RFC-HyPGCN: A Runtime Sparse Feature Compress Accelerator for Skeleton-based GCNs Action Recognition Model with Hybrid Pruning

Abstract

Skeleton-based Graph Convolutional Networks (GCNs) models for action recognition have achieved excellent prediction accuracy in the field. However, limited by large model and computation complexity, GCNs for action recognition like 2s-AGCN have insufficient power-efficiency and throughput on GPU. Thus, the demand of model reduction and hardware acceleration for low-power GCNs action recognition application becomes continuously higher.

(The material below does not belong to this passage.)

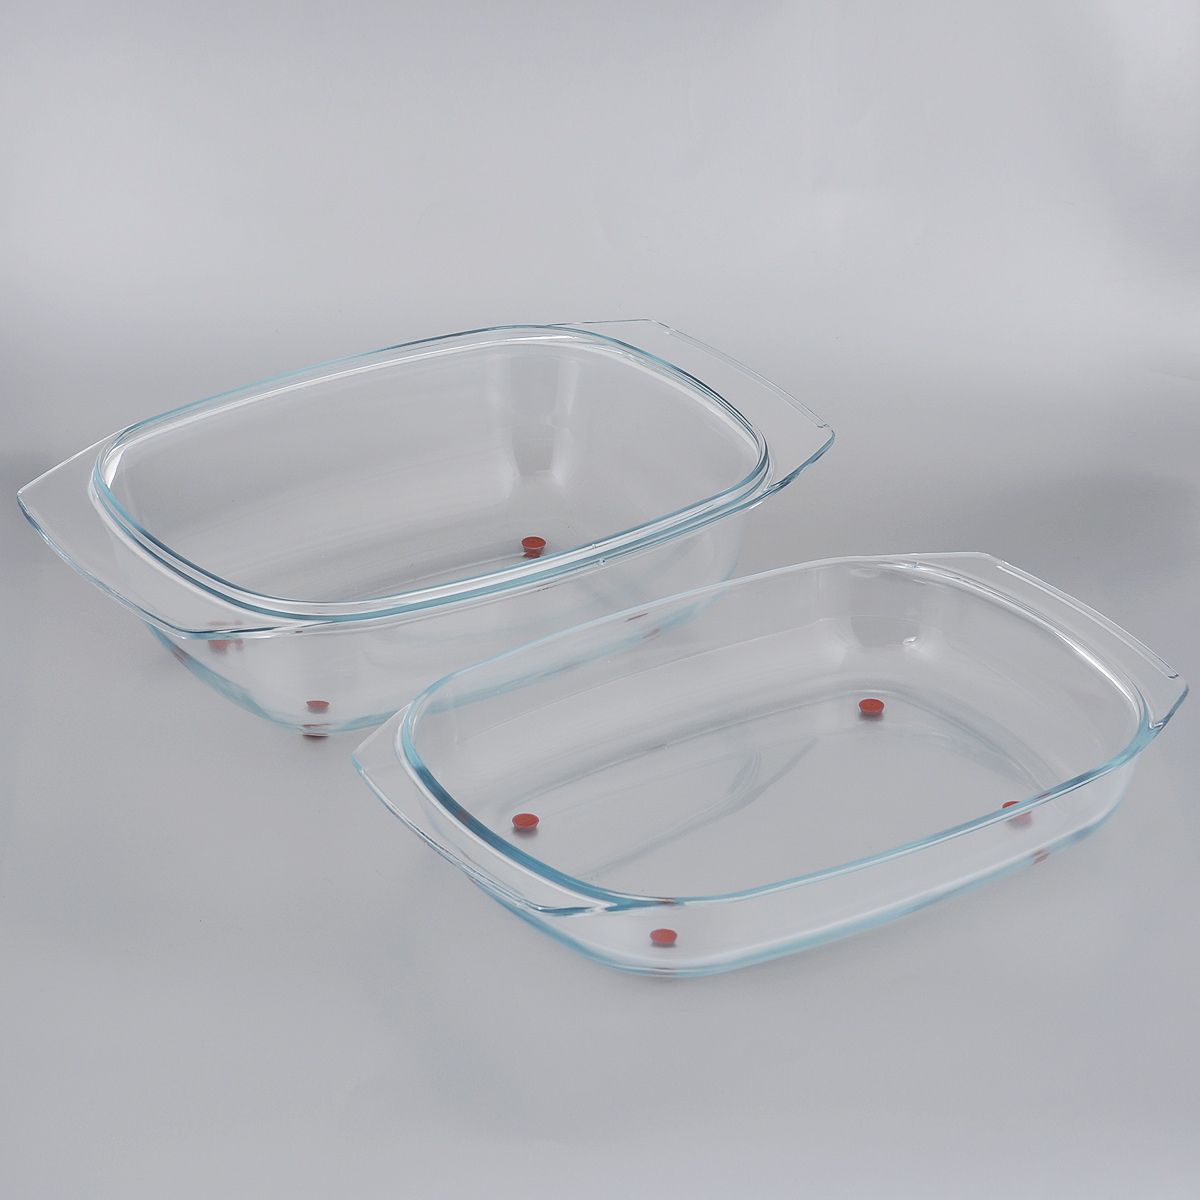 Жаровня Tescoma Delicia Glass с крышкой, 42 см х 26 см

To address challenges above, this paper proposes a runtime sparse feature compress accelerator with hybrid pruning method: RFC-HyPGCN. The hybrid pruning approach includes dataflow reorganization and mixed-grained pruning means. By reorganizing the multiply order, this method skips both graph and spatial convolution workloads. Following spatial convolution’s channel-pruning dataflow, a coarse-grained pruning method on temporal filters is designed, together with sampling-like fine-grained pruning on time dimension. Later, we come up with an architecture with all convolutional layers mapped on chip to pursue high throughput. The scale of storage elements and computing units for each layer are specifically tuned to match the pruned model. To further reduce storage resource utilization, online sparse feature compress format is put forward. Feature is divided and encoded into several banks according to presented format, then bank storage is split into depth-variable mini-banks. In this way, the runtime compress method not only decreases useless storage, but also gets better storage regularity over compressed sparse columns format (CSC). Furthermore, this work applies quantization, input-skipping and intra-PE dynamic data scheduling to accelerate the model. In experiments, pruning method above is conducted on 2s-AGCN, acquiring 3.0x~8.4x model compression ratio and 73.20% graph-skipping efficiency with no accuracy loss. Moreover, our pruning method ensures a hardware-friendly weight-static dataflow. Implemented on Xilinx XCKU-115 FPGA, the proposed architecture has the peak performance of 1142 GOP/s and achieves 9.59x and 2.56x speedup over high-end GPU Nvidia 2080Ti and Nvidia V100, respectively. Compared with latest accelerator for action recognition GCNs models, our design reaches 22.9x speedup and 59.41% improvement on DSP efficiency.